EXERCISE GOAL — Verbatim copy without images: return all of the data as it stands.

DATA BLOCK —
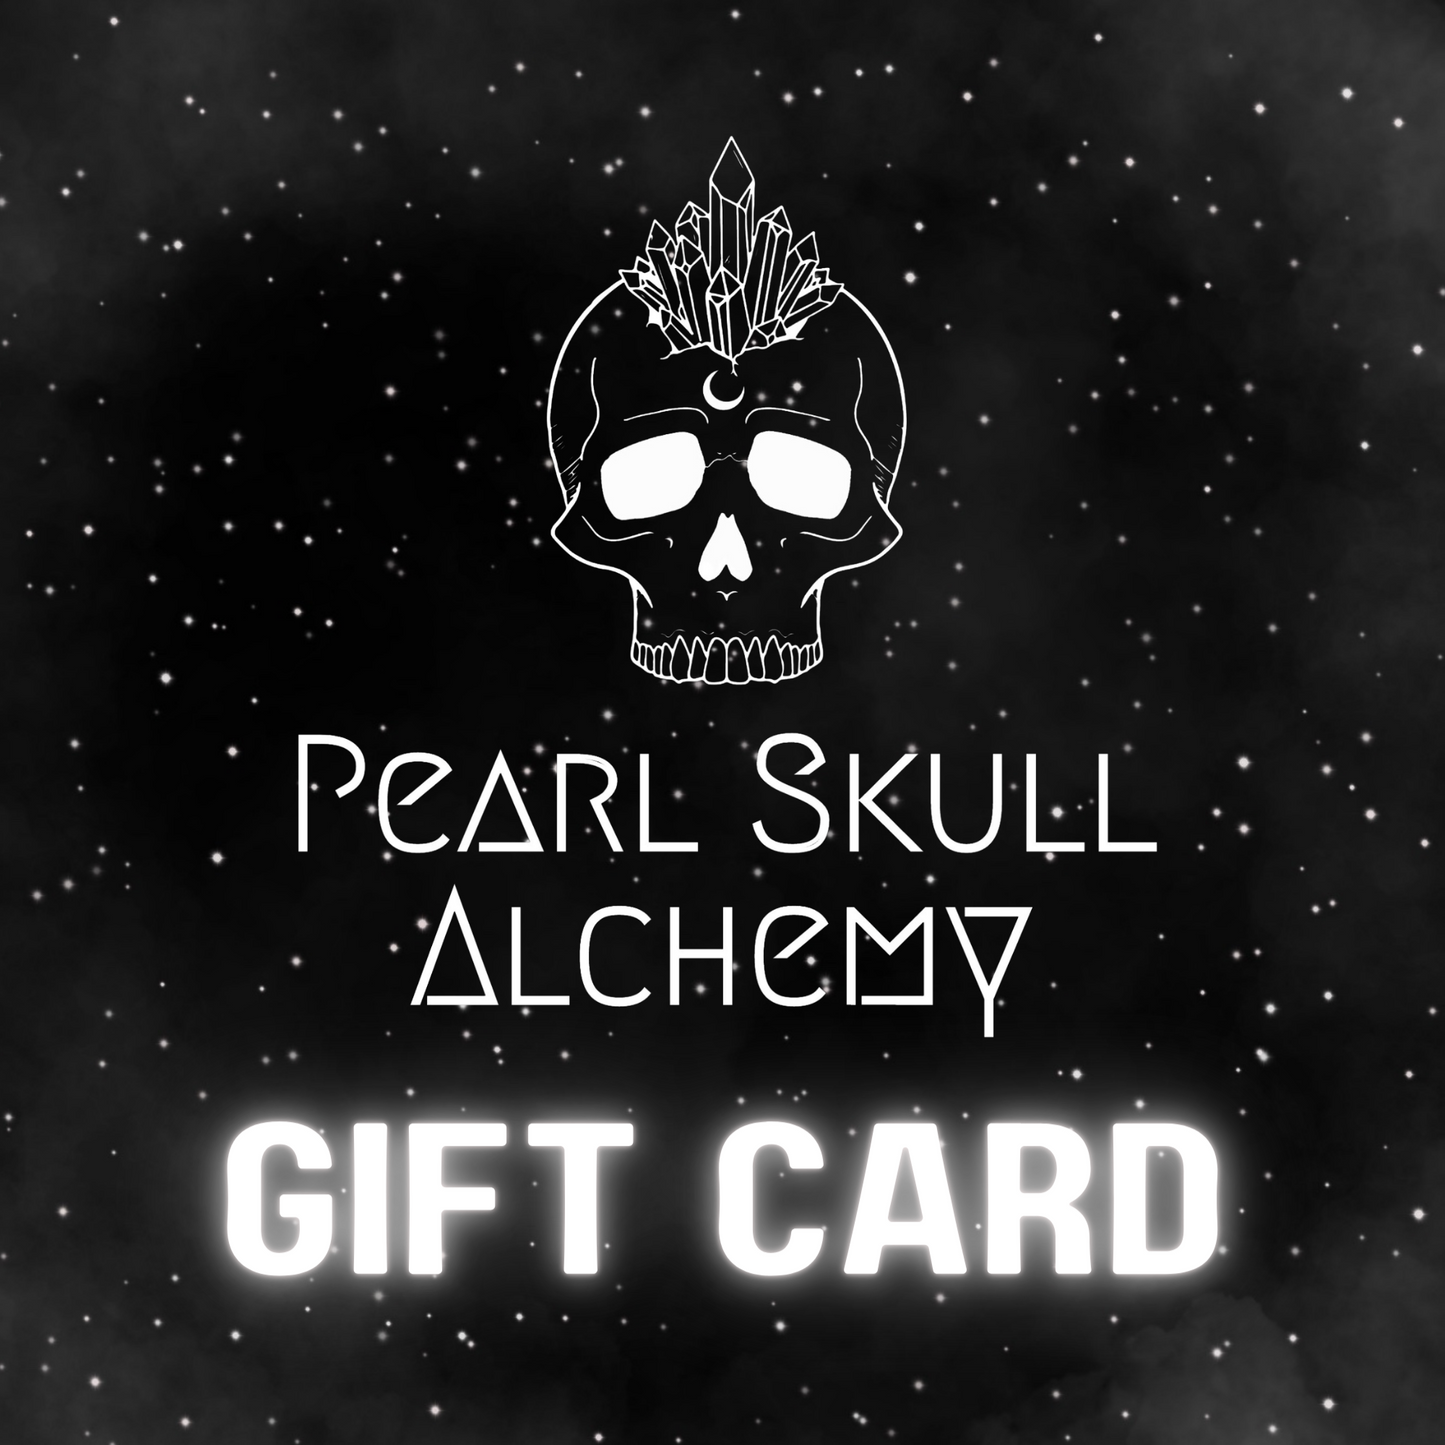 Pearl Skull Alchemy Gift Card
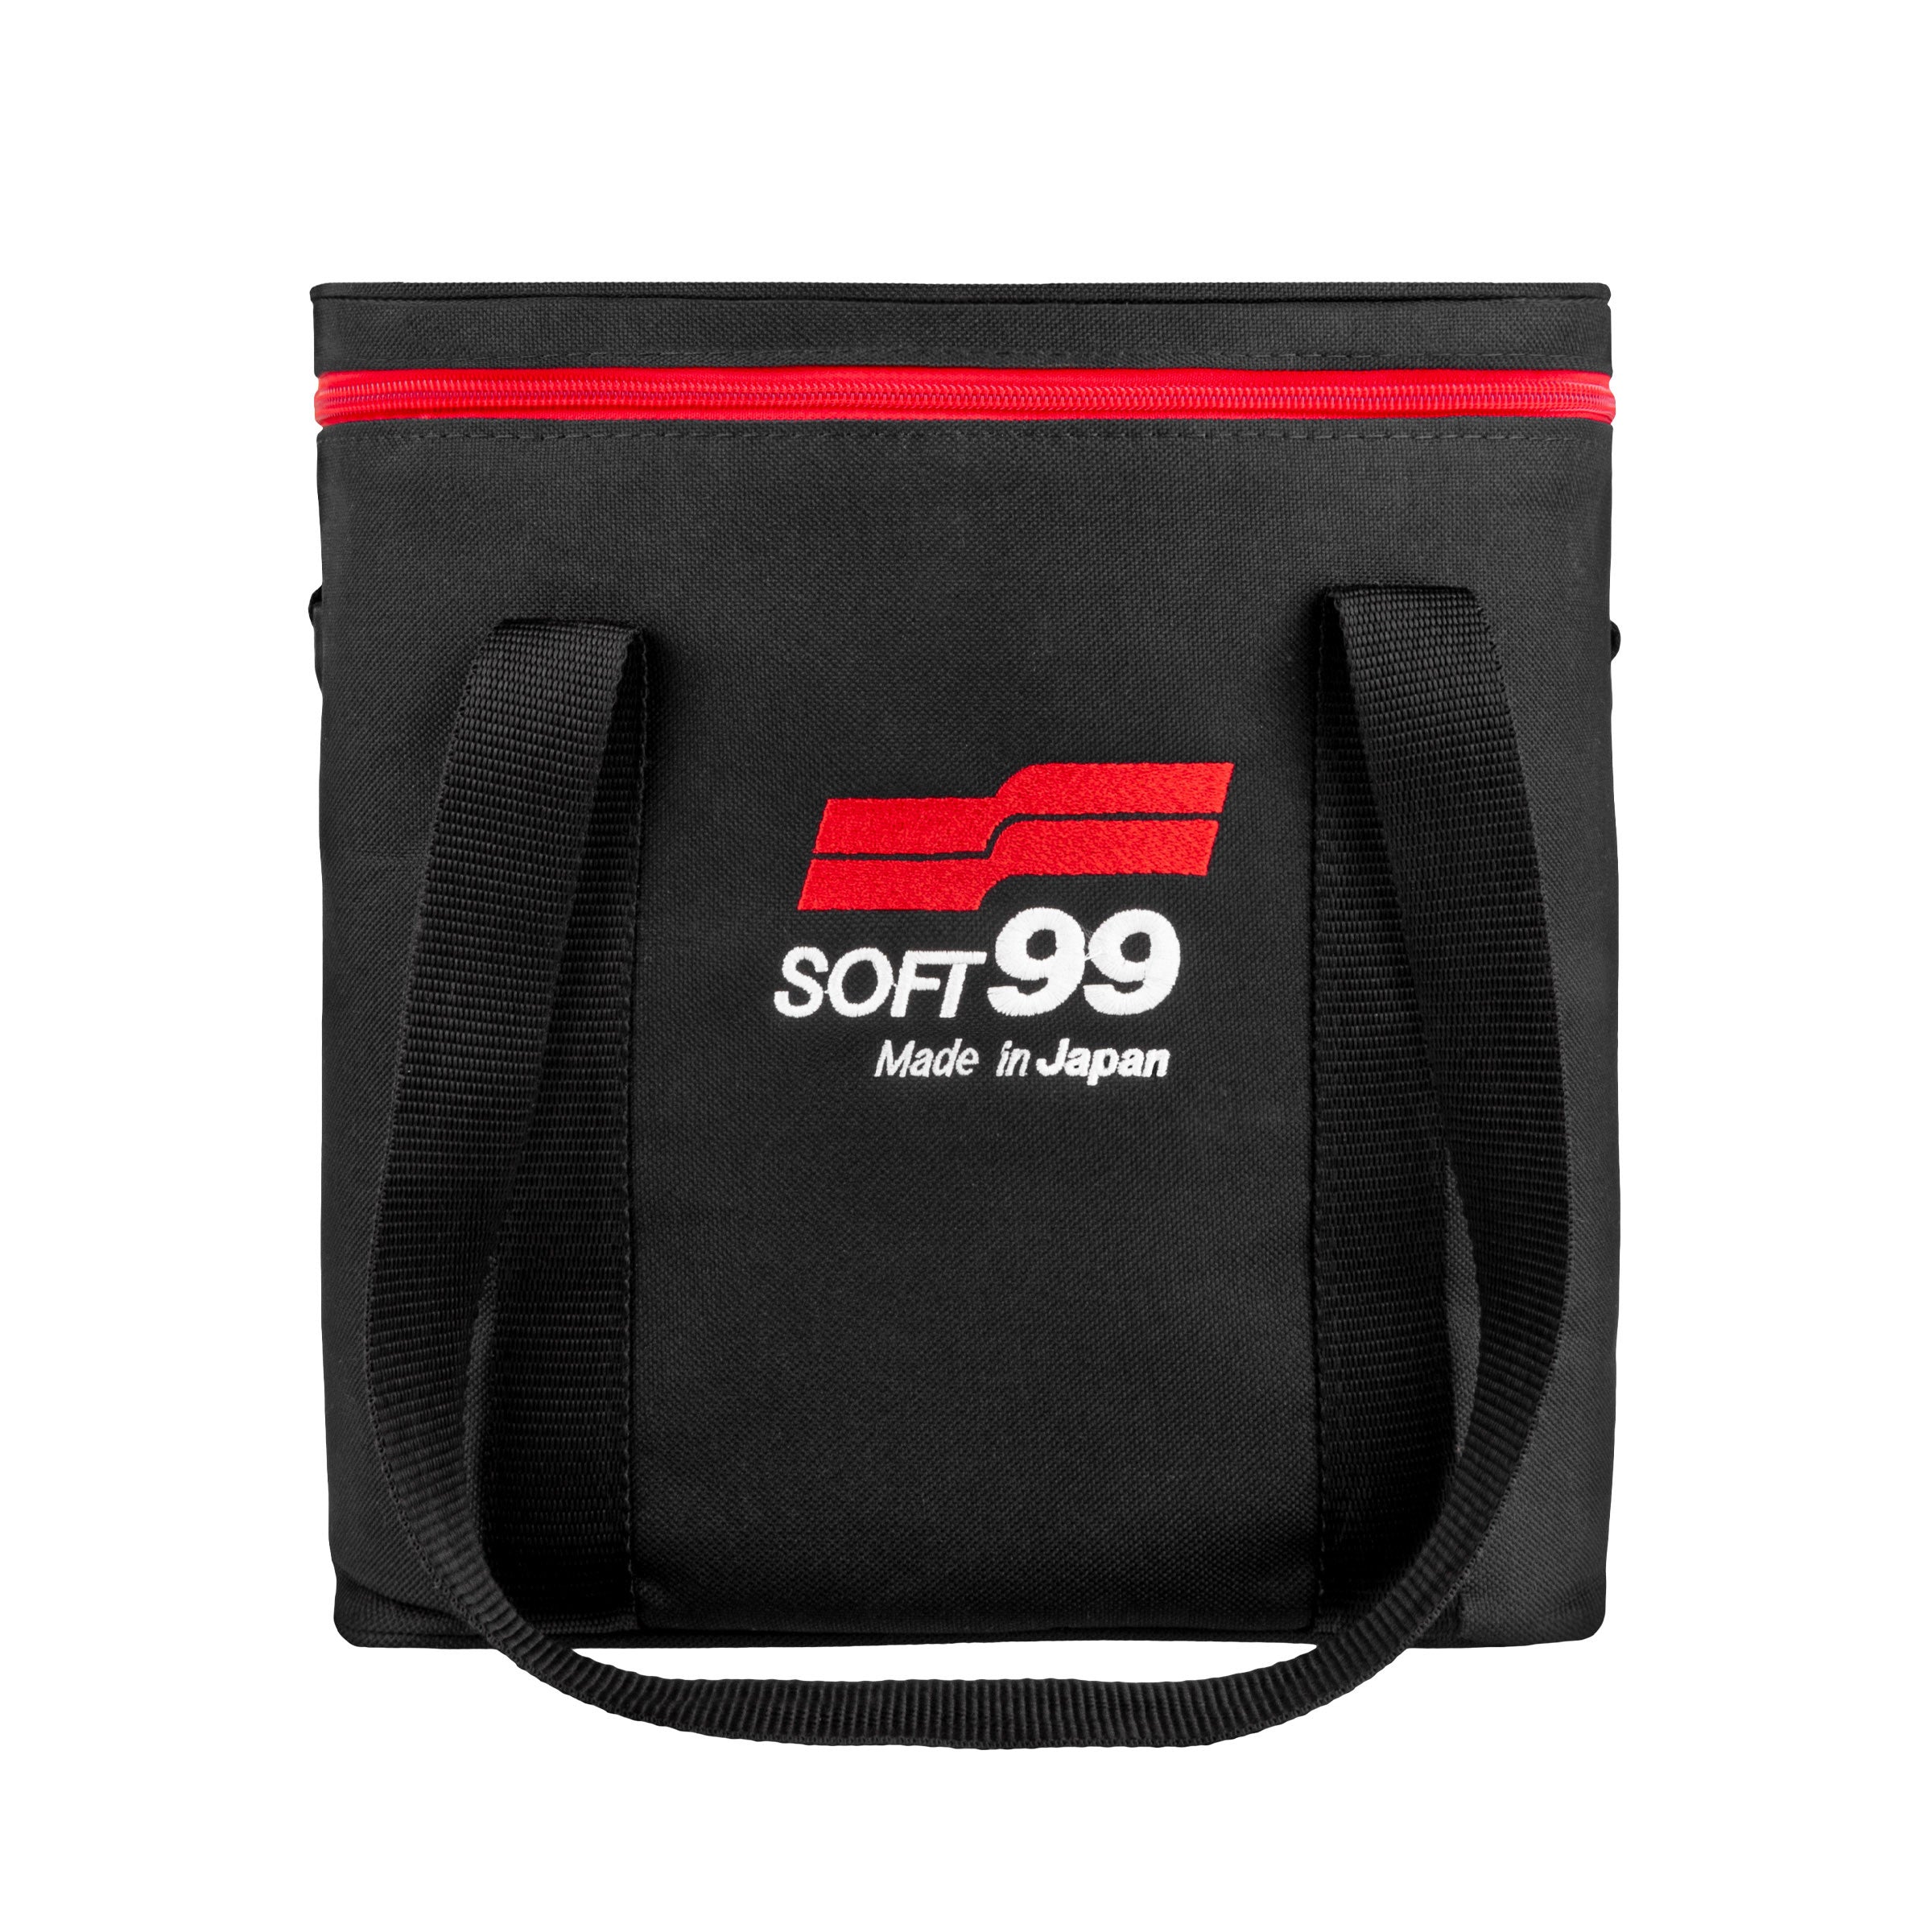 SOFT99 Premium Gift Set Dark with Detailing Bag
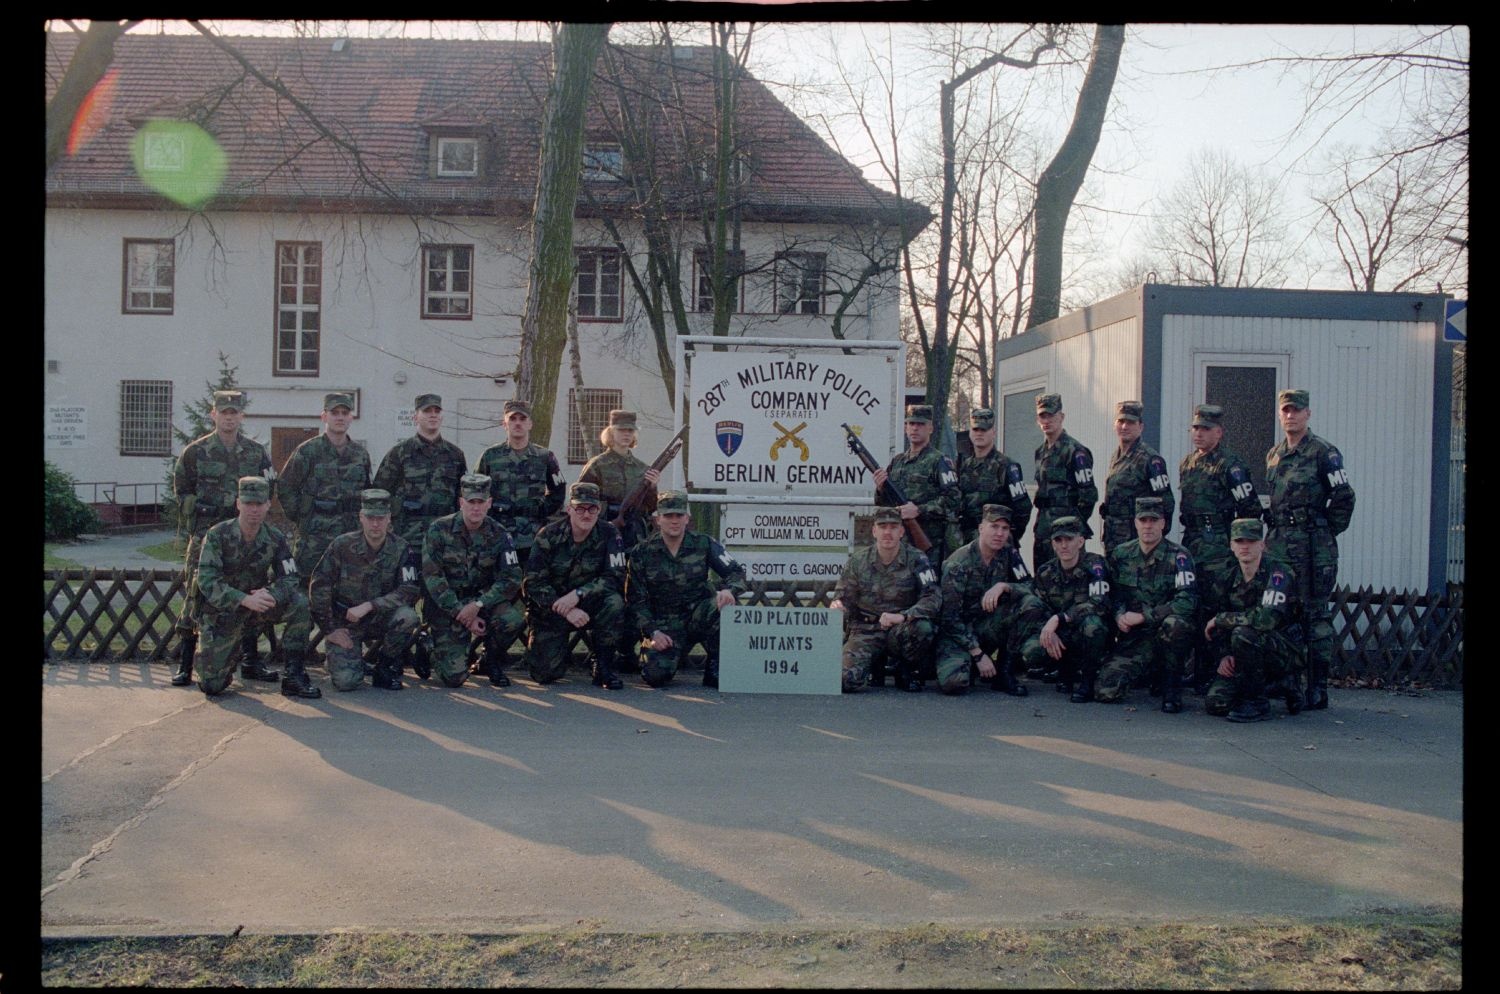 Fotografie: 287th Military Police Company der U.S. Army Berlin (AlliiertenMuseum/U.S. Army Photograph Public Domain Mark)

ANSWER SPACE —
 Pearl Skull Alchemy Gift Card
 SOFT99 Premium Gift Set Dark with Detailing Bag
 Fotografie: 287th Military Police Company der U.S. Army Berlin (AlliiertenMuseum/U.S. Army Photograph Public Domain Mark)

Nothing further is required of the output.